When the exponent is positive, like \(4.358 \times 10^{9}\), the decimal point moves to the right, producing a larger number: \(4,358,000,000\).
In summary, a positive exponent shifts the decimal point right, increasing the number's value, while a negative exponent shifts it left, decreasing the value.

• Negative exponent: Move decimal left.
• Positive exponent: Move decimal right.

Exponent Rules

Exponent rules are essential in scientific notation. They dictate how we move the decimal point when converting to or from scientific notation. The value of the exponent signifies the number of spaces to shift the decimal point. In contrast to decimal conversion, exponent rules provide a systematic way to handle very large or small numbers.
For instance, an expression with \(10^{-3}\) means moving the decimal three places left. This helps in minimizing the number of zeros we write or read. Alternatively, \(10^{2}\) directs us to shift two places to the right, expanding the number.
By understanding these rules, we simplify both the notation process and our interaction with large data sets in mathematical computations.
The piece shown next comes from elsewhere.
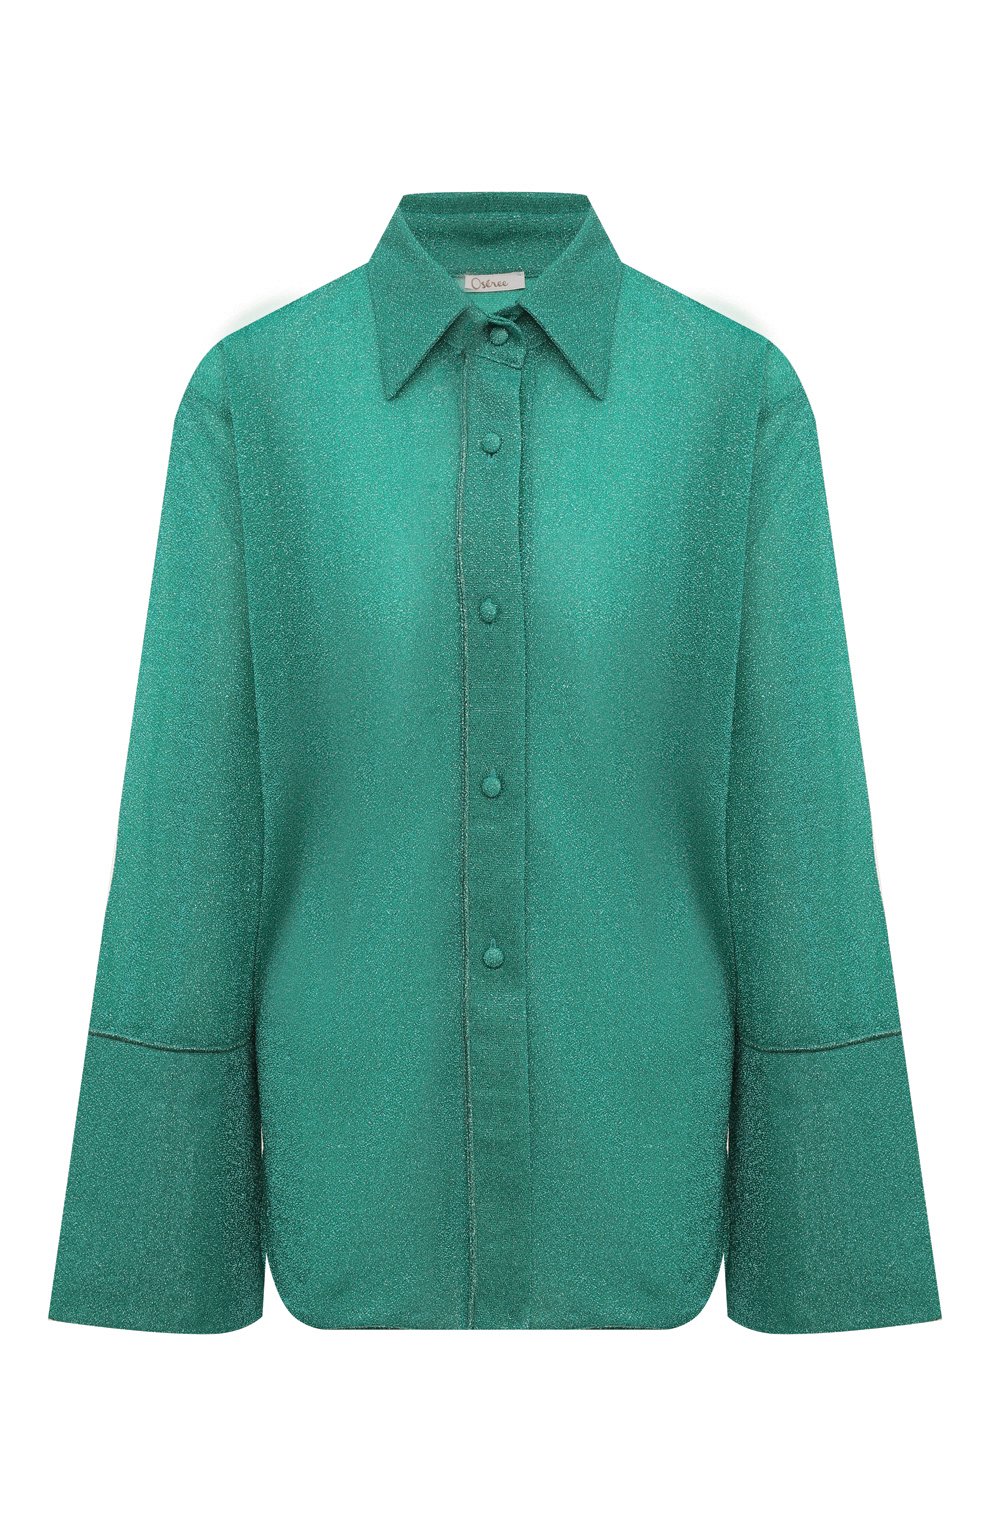 Женская бирюзовая рубашка OSEREE купить в интернет-магазине ЦУМ, арт. LSF235

• Exponent 0 means no shift in decimal point.
• Exponent -n means moving left by n spaces.
• Exponent +n means moving right by n spaces.

Significant Figures

Significant figures reflect the precision of a number in mathematics and science. They encompass all non-zero digits, digits between non-zero numbers, and trailing zeros in a decimal.
When dealing with numbers in scientific notation, significant figures become more apparent. For example, in \(9.87 \times 10^{7}\), each digit contributes to the precision. The number \(98,700,000\) retains its precision owing to these significant figures.
Understanding significant figures is fundamental in ensuring that calculations do not imply unwarranted accuracy. During decimal conversions, maintaining these figures ensures results remain reliable.
Consequently, accurate scientific and mathematical outcomes rely on respecting and preserving significant figures.

• All non-zero numbers are significant.
• Zeros between significant digits are significant.
• Trailing zeros in a decimal representation are significant.